_Work instruction_.
Reproduce the opening lines of the listing below exactly, stopping after the line that contains "Jeans Neonato - Mstore016 - Jeans" and leaving out any pictures.

_Data below_.
----

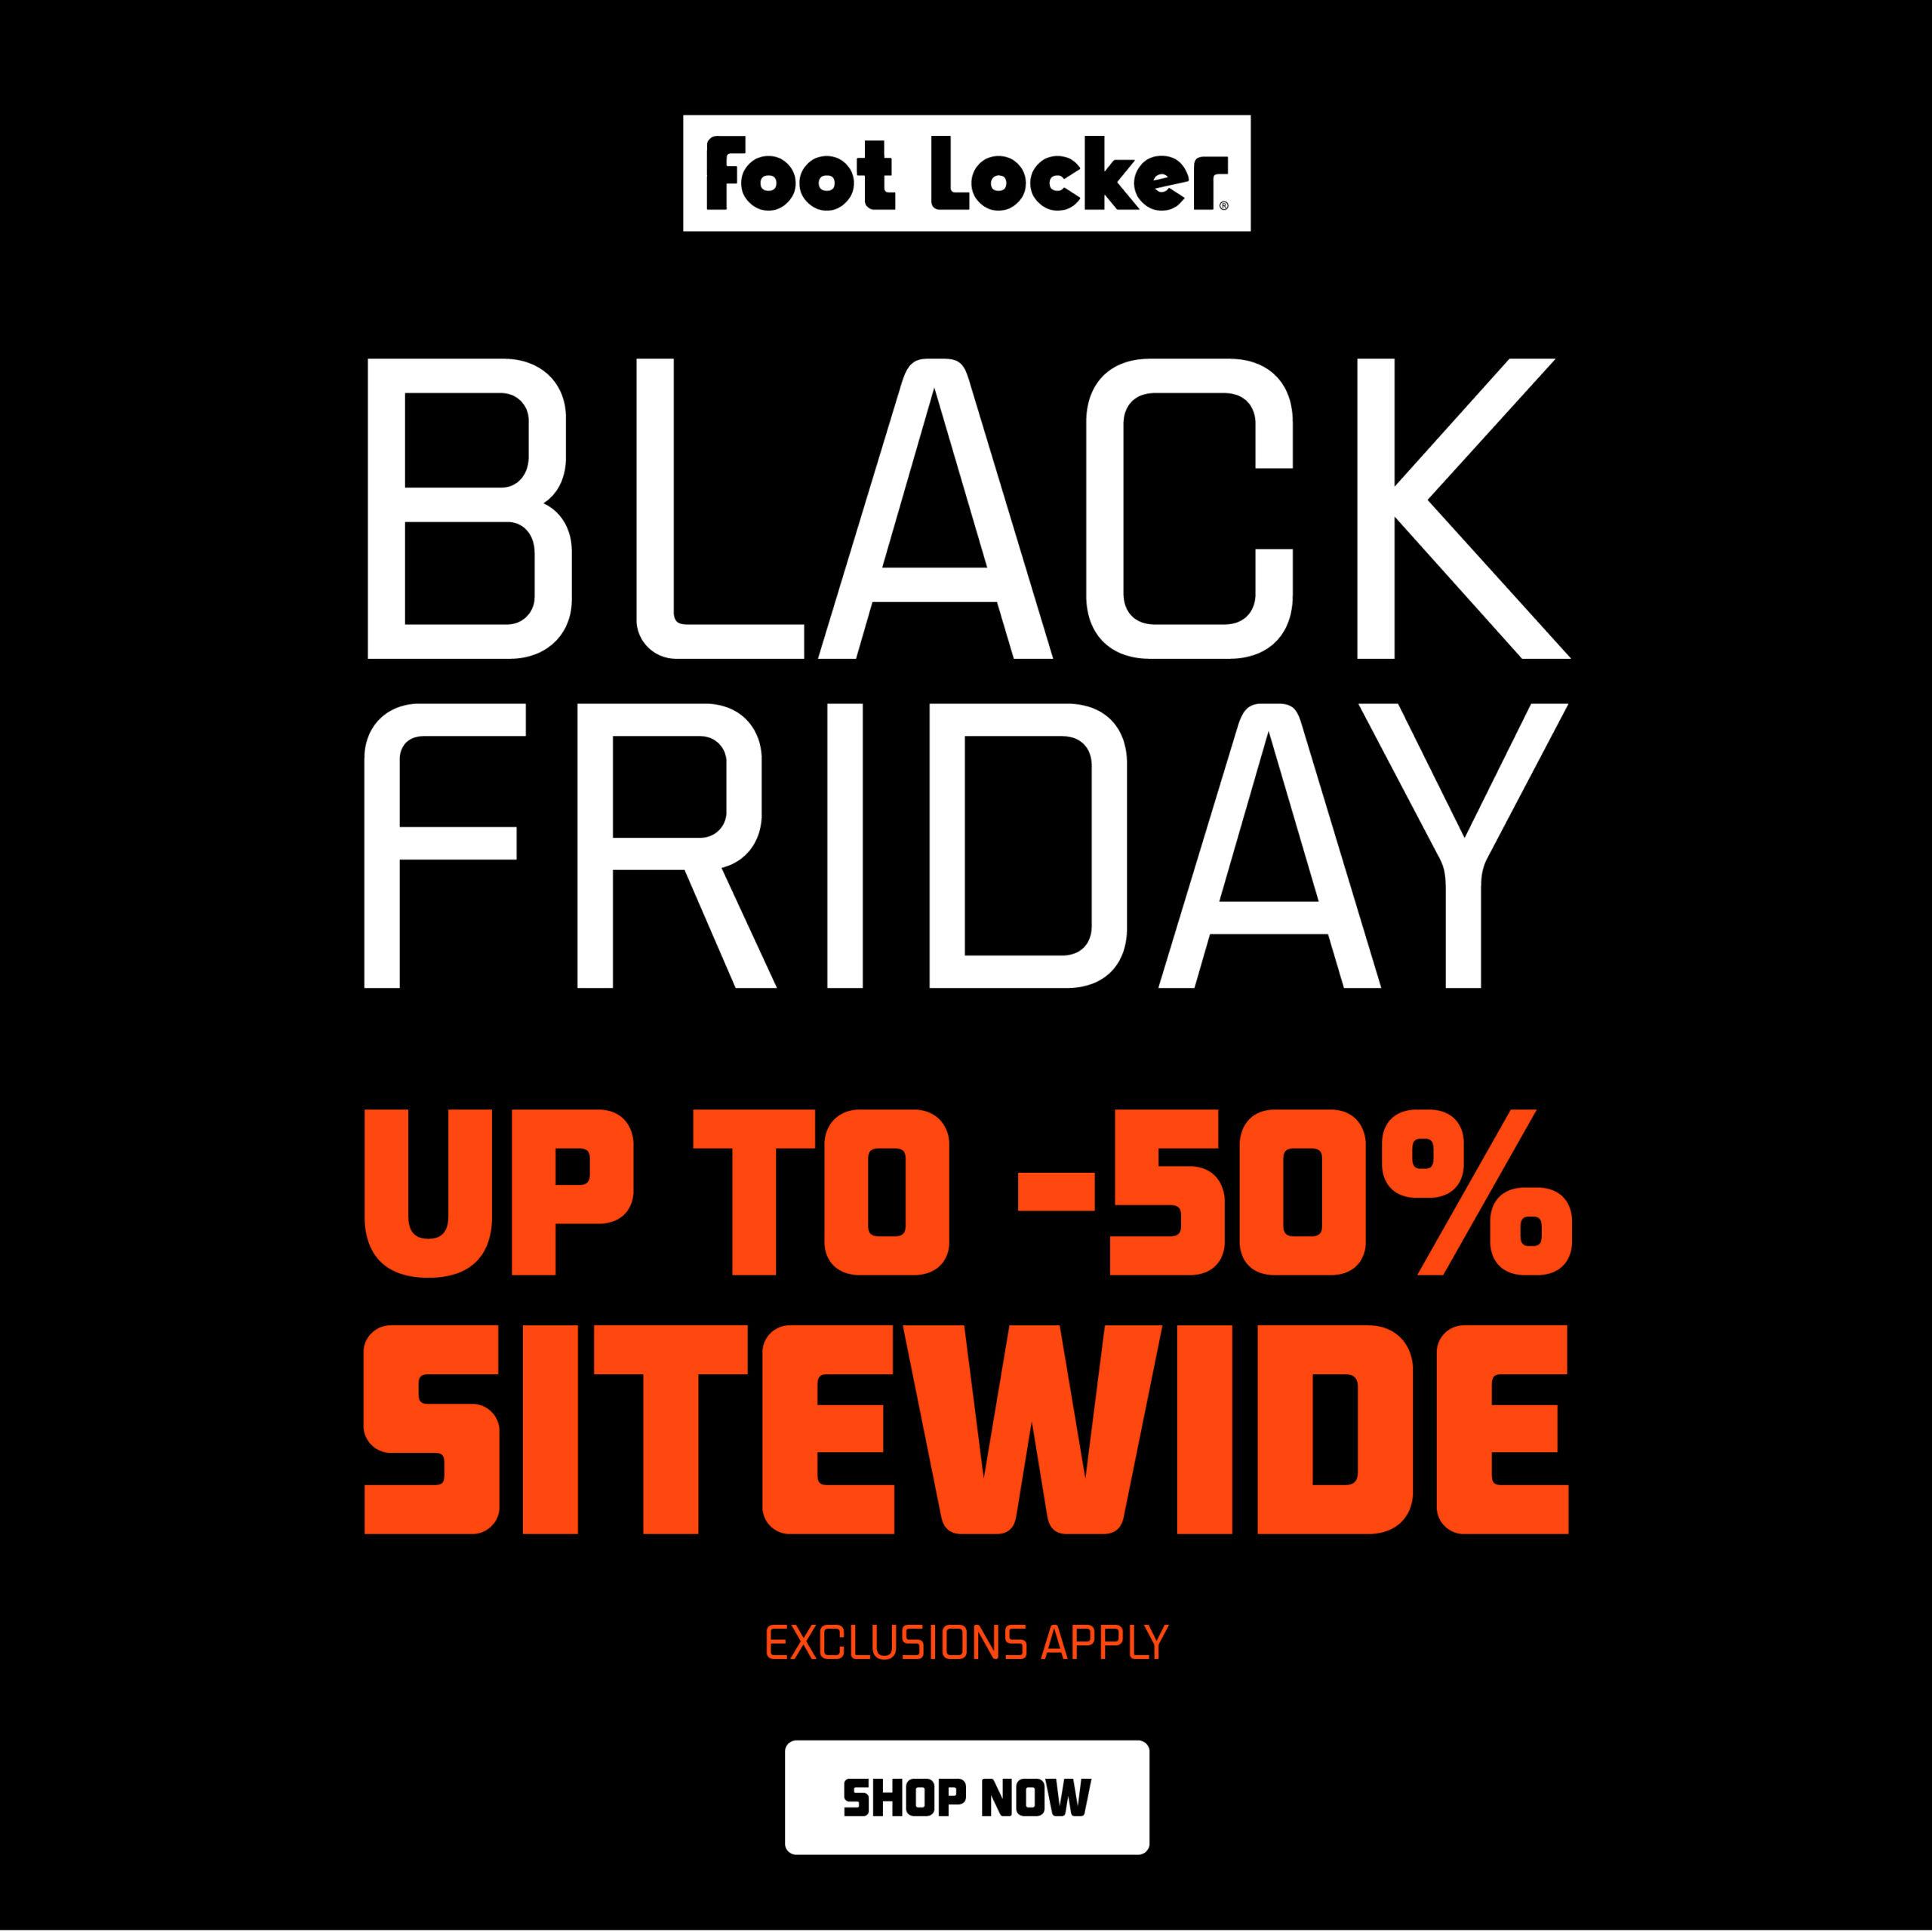 Der Black Friday Sale bei Foot Locker bietet 50 auf fast alles
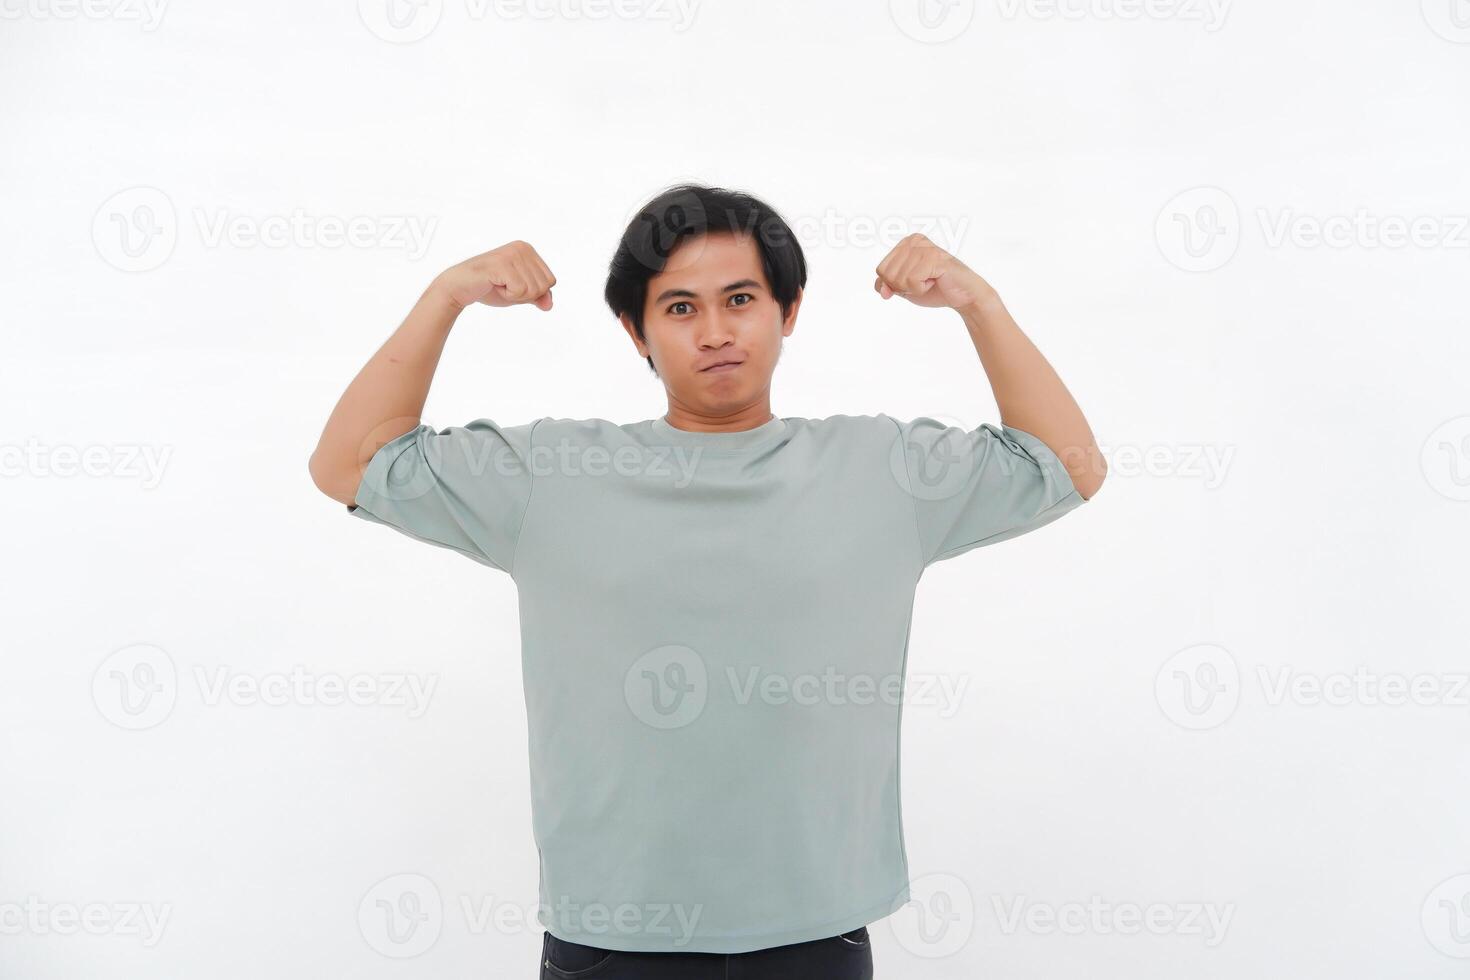 Jeune asiatique homme soulève main, exprimer force avec varié émotions de sourit à colère photo
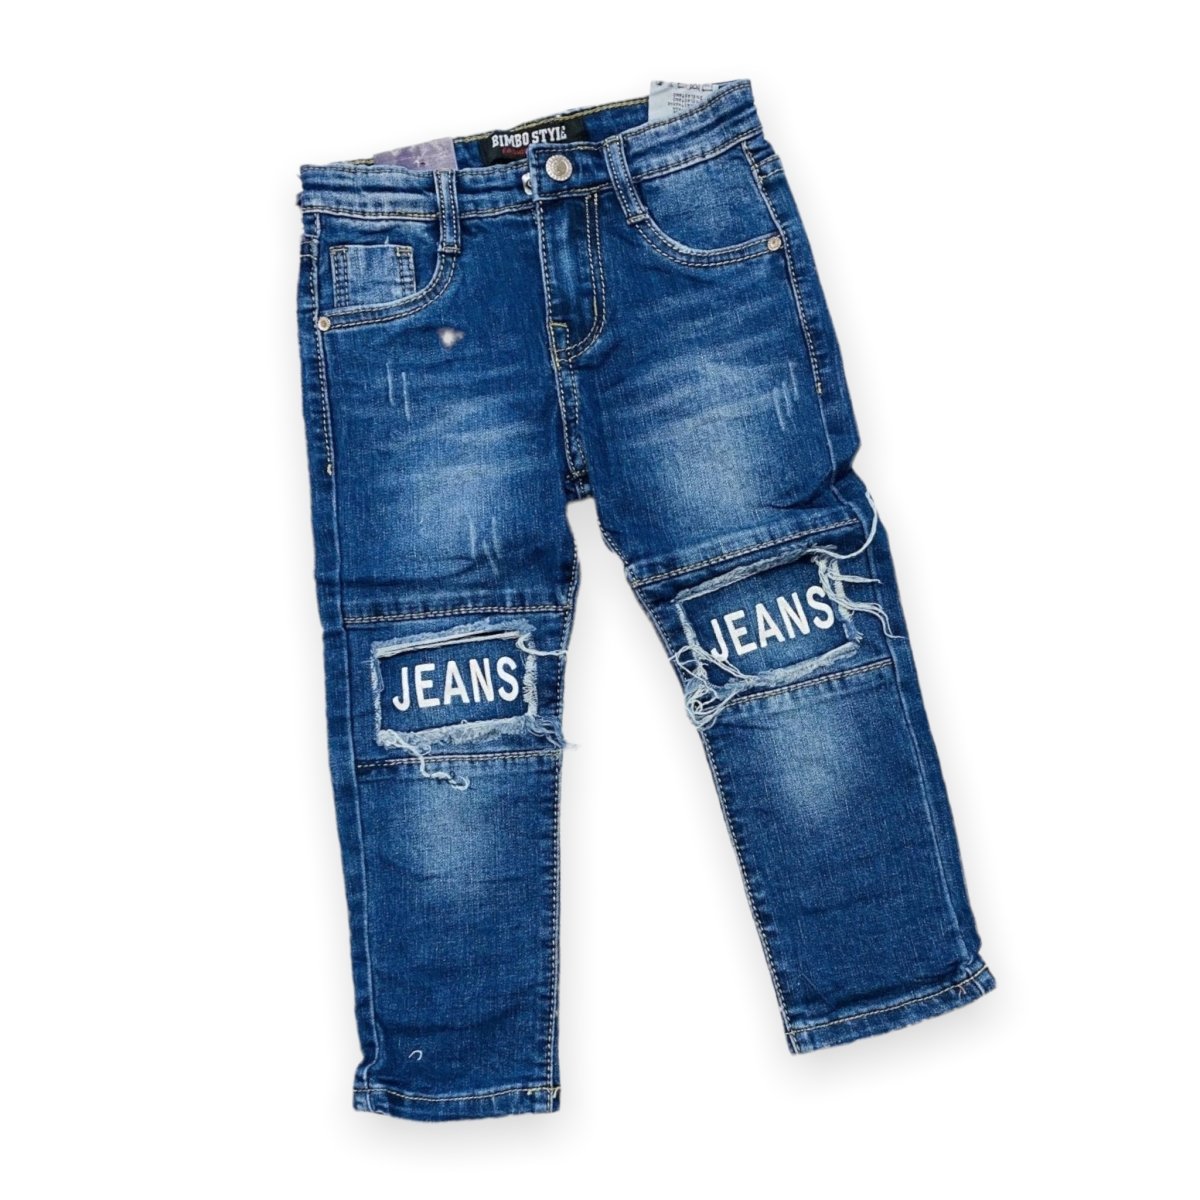 Jeans Neonato - Mstore016 - Jeans Neonato - Mstore016
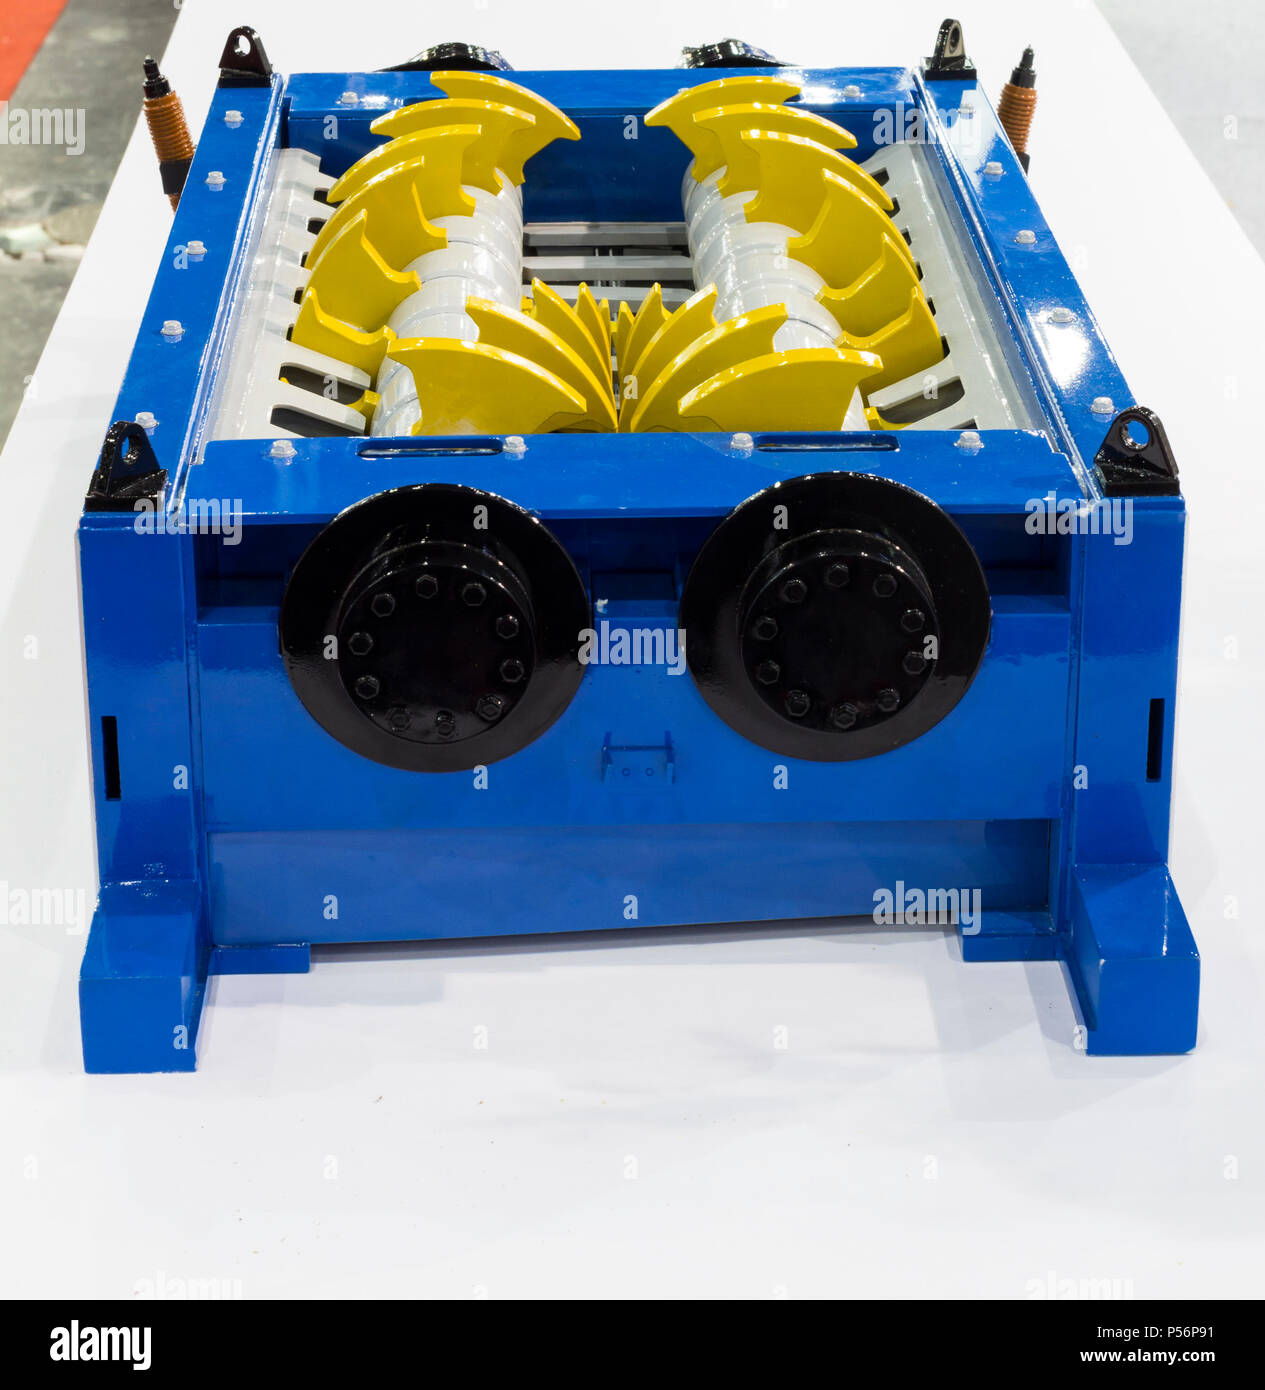 Modello di macchine trituratrici ; la macchina di taglio adatta per un'ampia varietà di rifiuti ; impianto di riciclaggio Foto Stock

----

_Task result_.
 Der Black Friday Sale bei Foot Locker bietet 50 auf fast alles
 Jeune asiatique homme soulève main, exprimer force avec varié émotions de sourit à colère photo
 Jeans Neonato - Mstore016 - Jeans Neonato - Mstore016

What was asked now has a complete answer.